Seven Mile Beach (SMB) is a long crescent of coral-sand beach on the western end of Grand Cayman island. Seven Mile Beach is known for its beauty, receiving the honor of "The Caribbean's Best Beach" in 2015 from Caribbean Travel and Life Magazine. It is public property (Because of the rule from the high tide down is public ) and one is able to walk the full length of the beach, regardless of where you are staying. The Seven Mile Beach is the most popular and most developed area of Grand Cayman. It is home to the majority of the island's luxury resorts and hotels. Despite the name, a generous measurement puts the actual length at just a bit over  long. A realistic length for the uninterrupted sandy beach is about 6 miles. The beach falls victim to annual erosion, which has reduced its size in some areas, and may have reduced its length at the ends. Like the rest of Grand Cayman, the development around the Seven Mile Beach was severely damaged in Hurricane Ivan in September 2004 but many condominiums & hotels are still running at full capacity.

Restaurants open to the public can be found at most of the resorts, which includes several public beach bars. Some small reefs are located just off shore which offer good snorkelling, most notably by the Marriott hotel (an artificial reef), Government House (the Governor's residence), and just north of Seven Mile Public beach. 

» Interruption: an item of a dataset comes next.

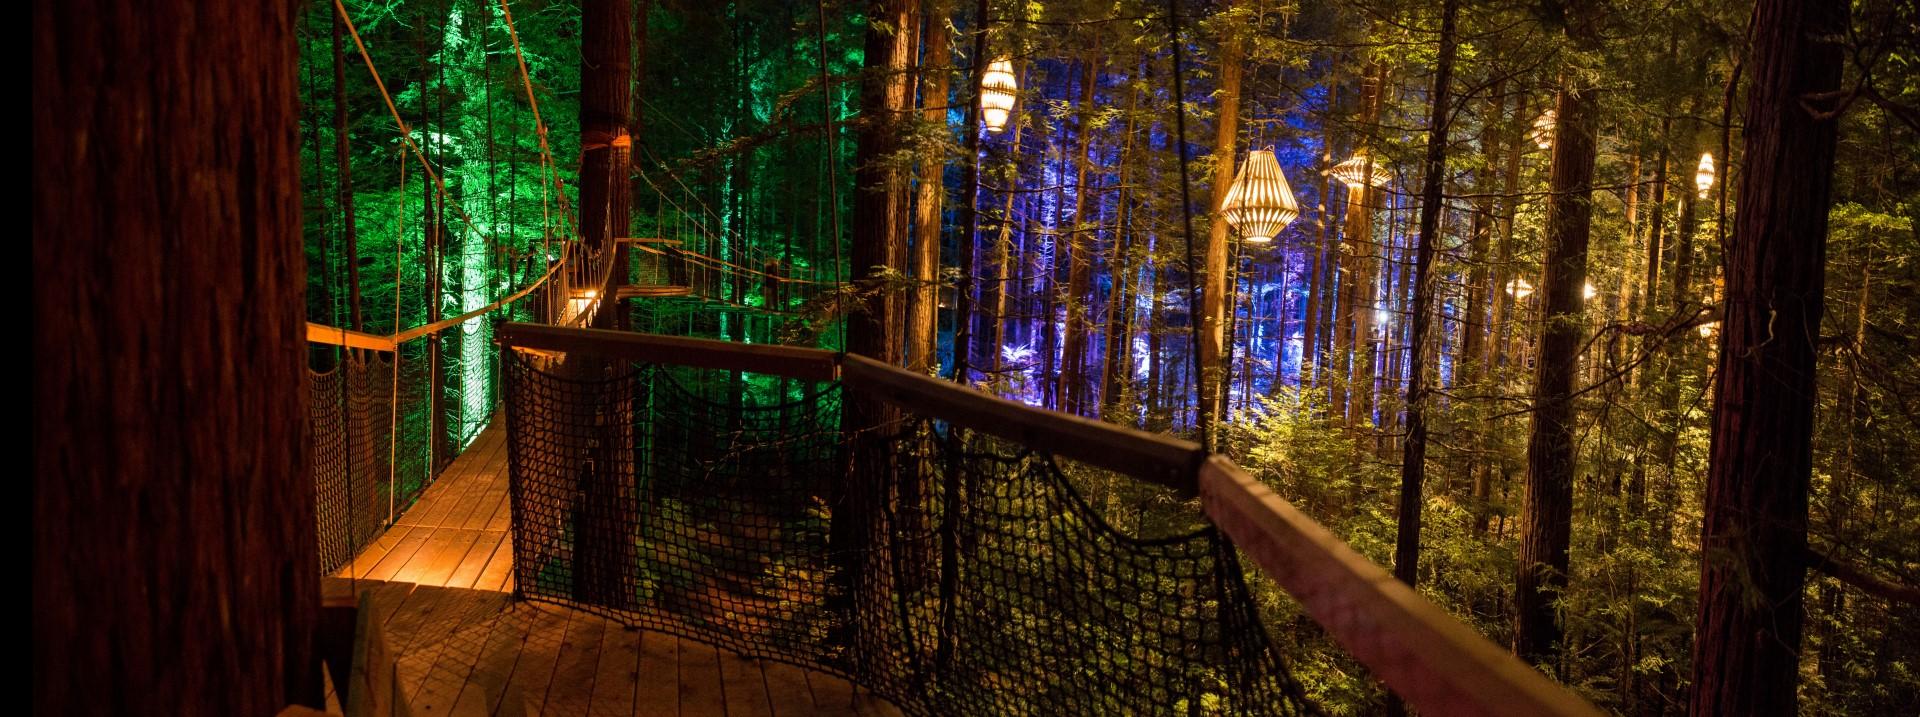 Magical nights at Treewalk Rotorua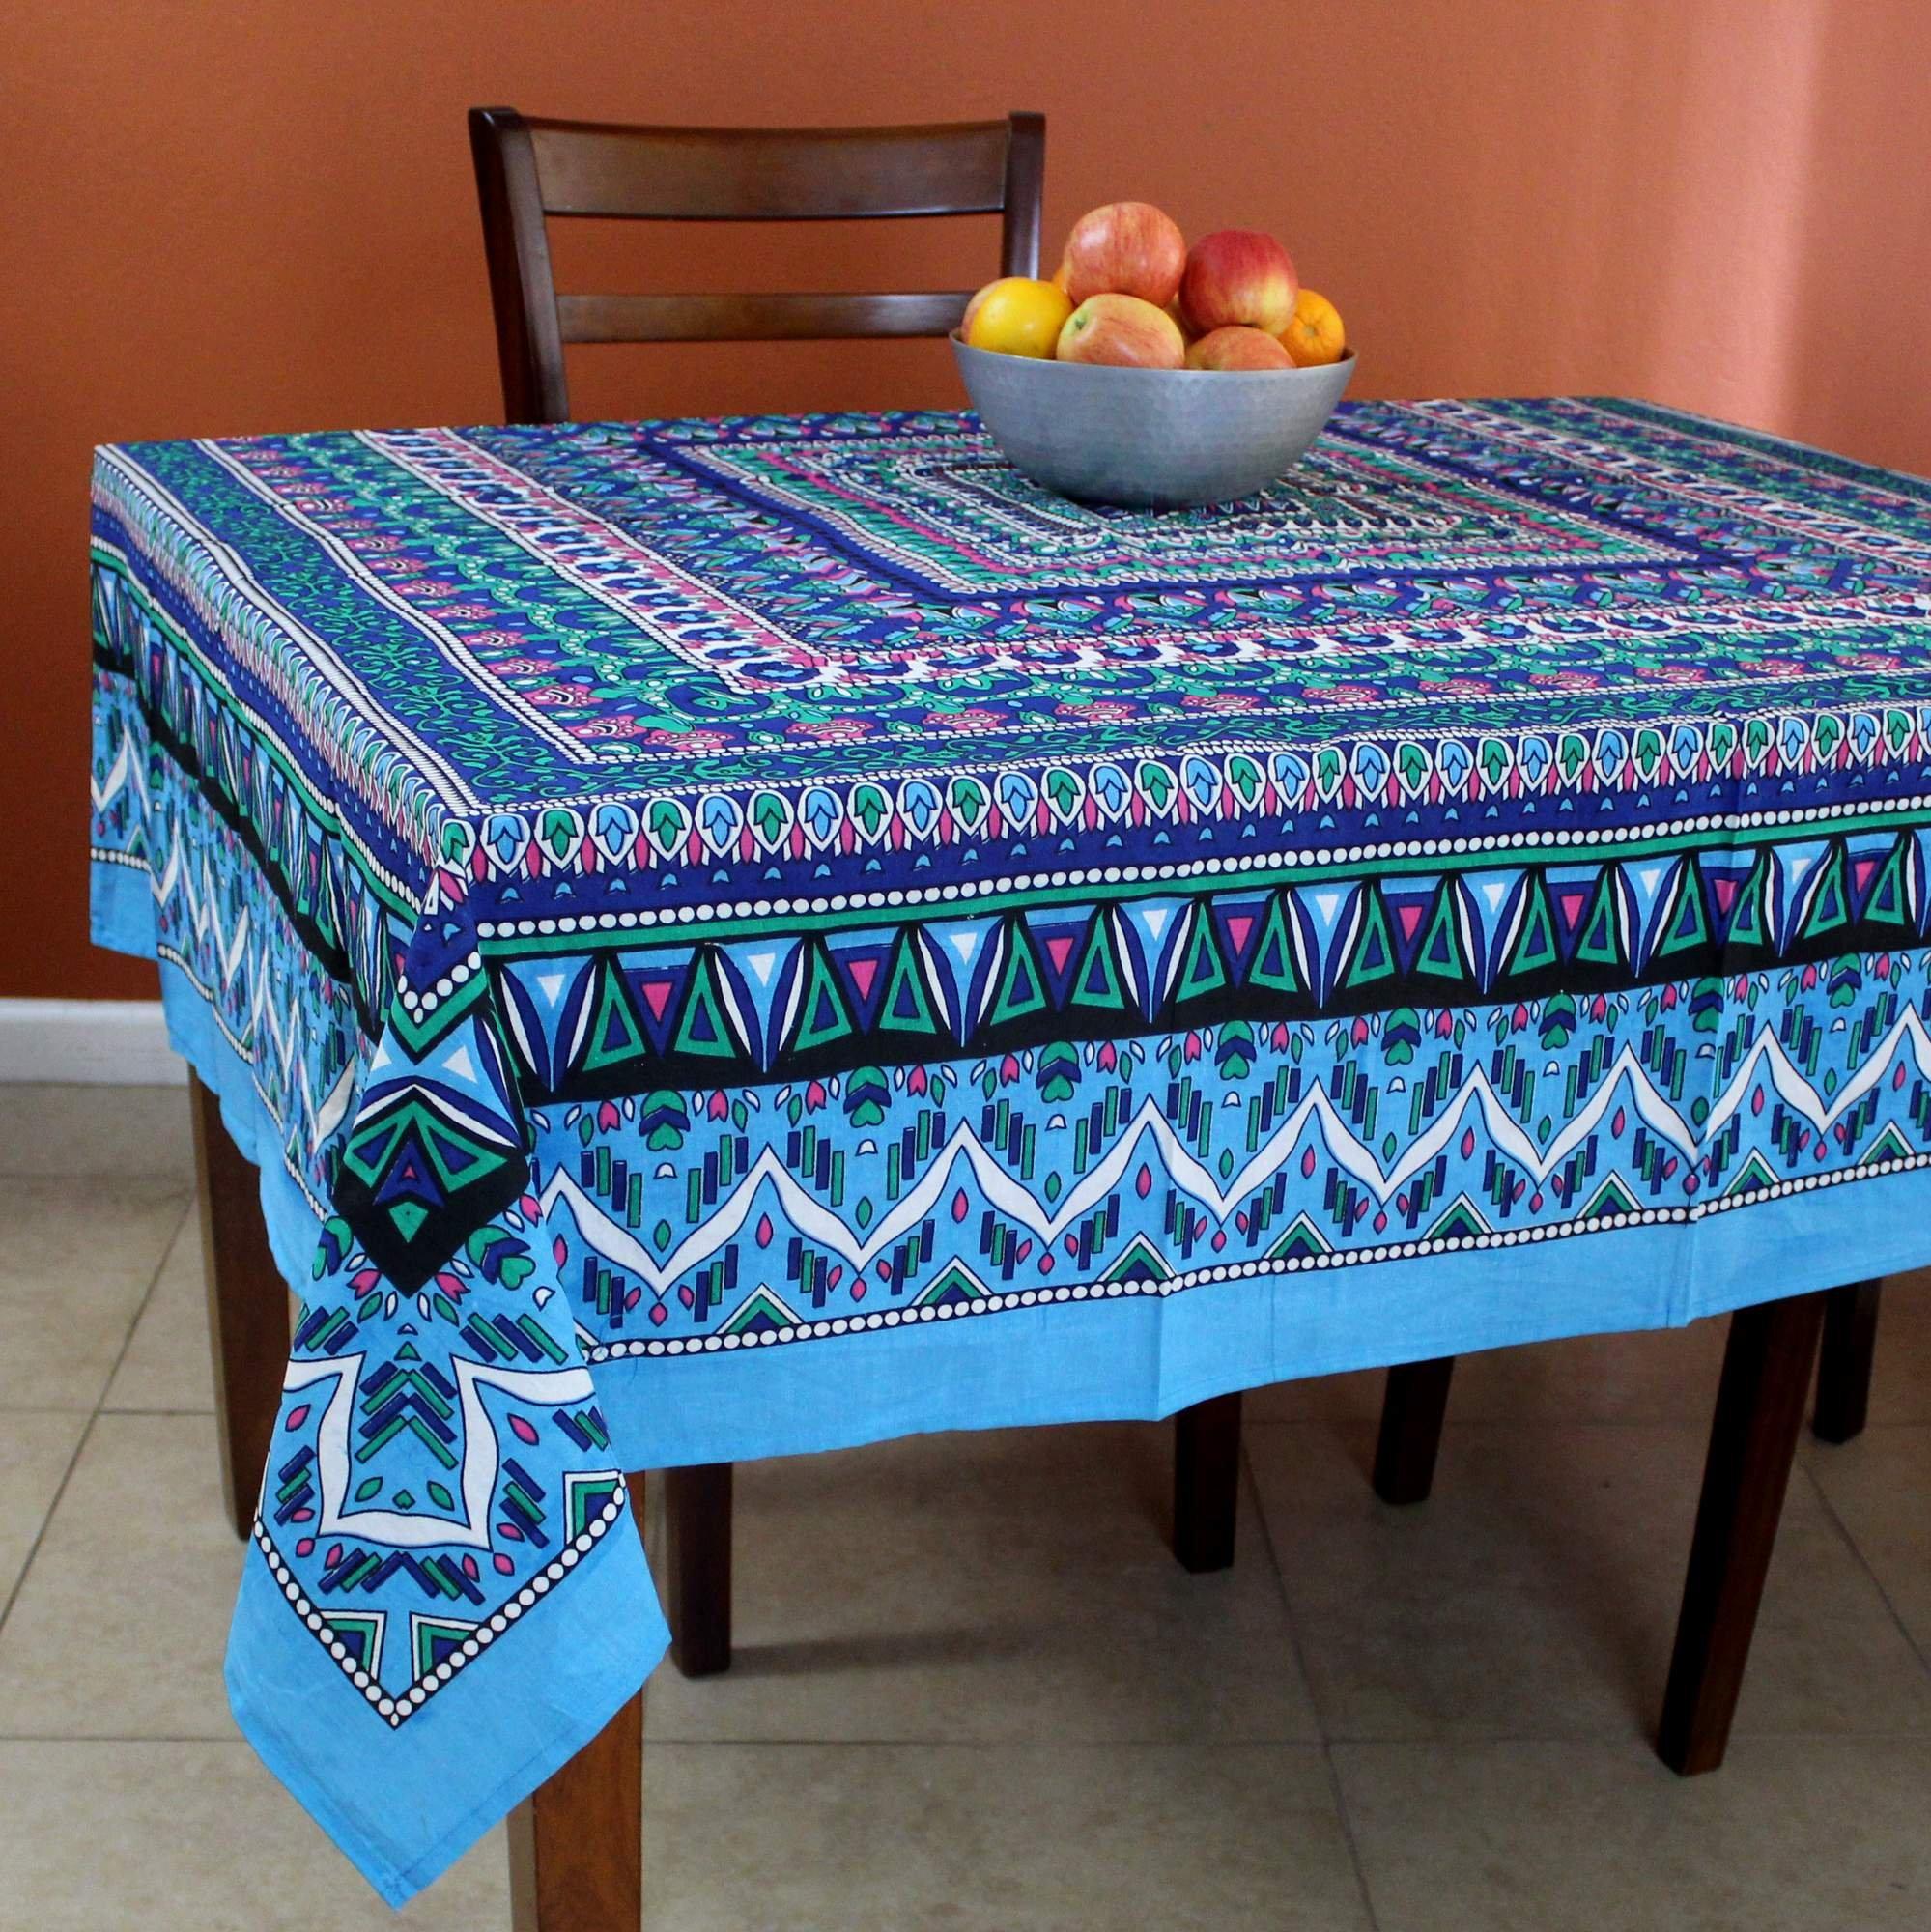 India Arts Handmade Cotton Geometric Mandala Floral Tablecloth Square Beach Sheet Beach Throw (Blue Pink, 70 x 70 inches)

Directly to the south of Seven Mile Beach is George Town, the capital city of the Cayman Islands and where the tourists come in, while to the north is the district of West Bay, which features a turtle farm and the limestone formations of Hell. Right across from Seven Mile Beach, is Camana Bay, a small town that also acts as a large shopping and office park. There are many amenities, with restaurants, cafés, and a cinema.